A los quince años miss Gilbert se inició como aventurera universal huyendo de un internado para señoritas con el amante robado a su propia madre: el capitán y tahúr Thomas James, quien la desfloró en el camarote, la desposó ante el capitán del barco y la llevó a vivir junto a su cuartel en Calcuta. A los veintidós años, escapó de una desdichada vida conyugal y, armada solo de su belleza, y de abanicos, peinetas, castañuelas y un nom d’artiste: Lola Montes (o Montez), debutó en París, donde el público elegante coreó un numeroso, entusiasta y mal pronunciado ¡olé! al verla quitarse olanes, maillot y zapatillas y bailar sin más atuendo que las castañuelas; y por si ese escandaloso show no bastase para aureolarla, dos días después un cronista de teatro, tras calificarla de pésima bailarina y “gitane fraudeleuse”, caía herido en duelo de honor frente a un aristocrático fan de la divine Montès.

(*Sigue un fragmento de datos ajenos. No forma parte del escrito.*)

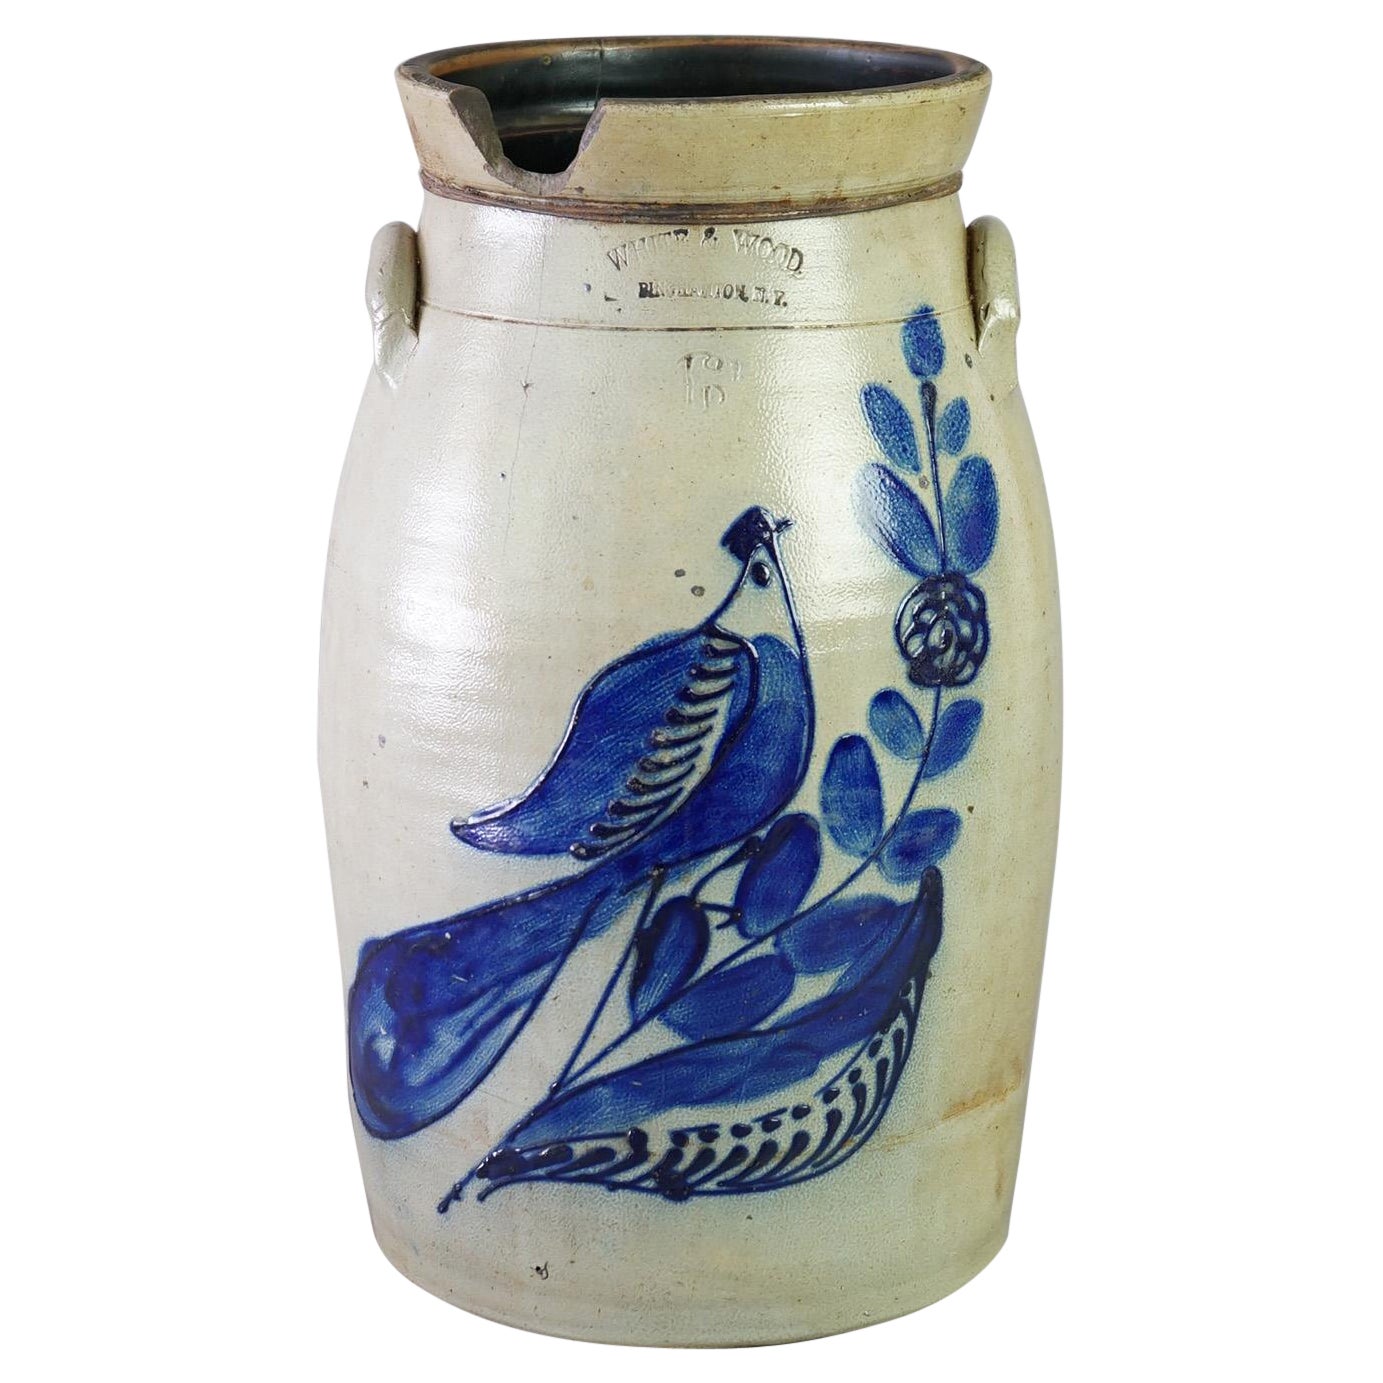 Antique Binghamton White & Wood Paddle Bird Blue Decorated Stoneware Churn c1870

Lola ya era más que una vedette: la celebraban como la diosa de la danza gitana y de la crotalogía (el arte de tocar las castañuelas o crótalos) y era, además, el vistoso y caro objet d’art de los sucesivos señores adinerados que, en carricoches de empenachados caballos, paseaban con ella el Bois de Boulogne. Pero su ambición crecía, y, queriendo coronar su naciente mito, fue a Baviera y se presentó al rey sesentón Ludwig I, quien reinaba favoreciendo a las artes, escribiendo sonetos ripiosos, barajando amantes y arruinando al país.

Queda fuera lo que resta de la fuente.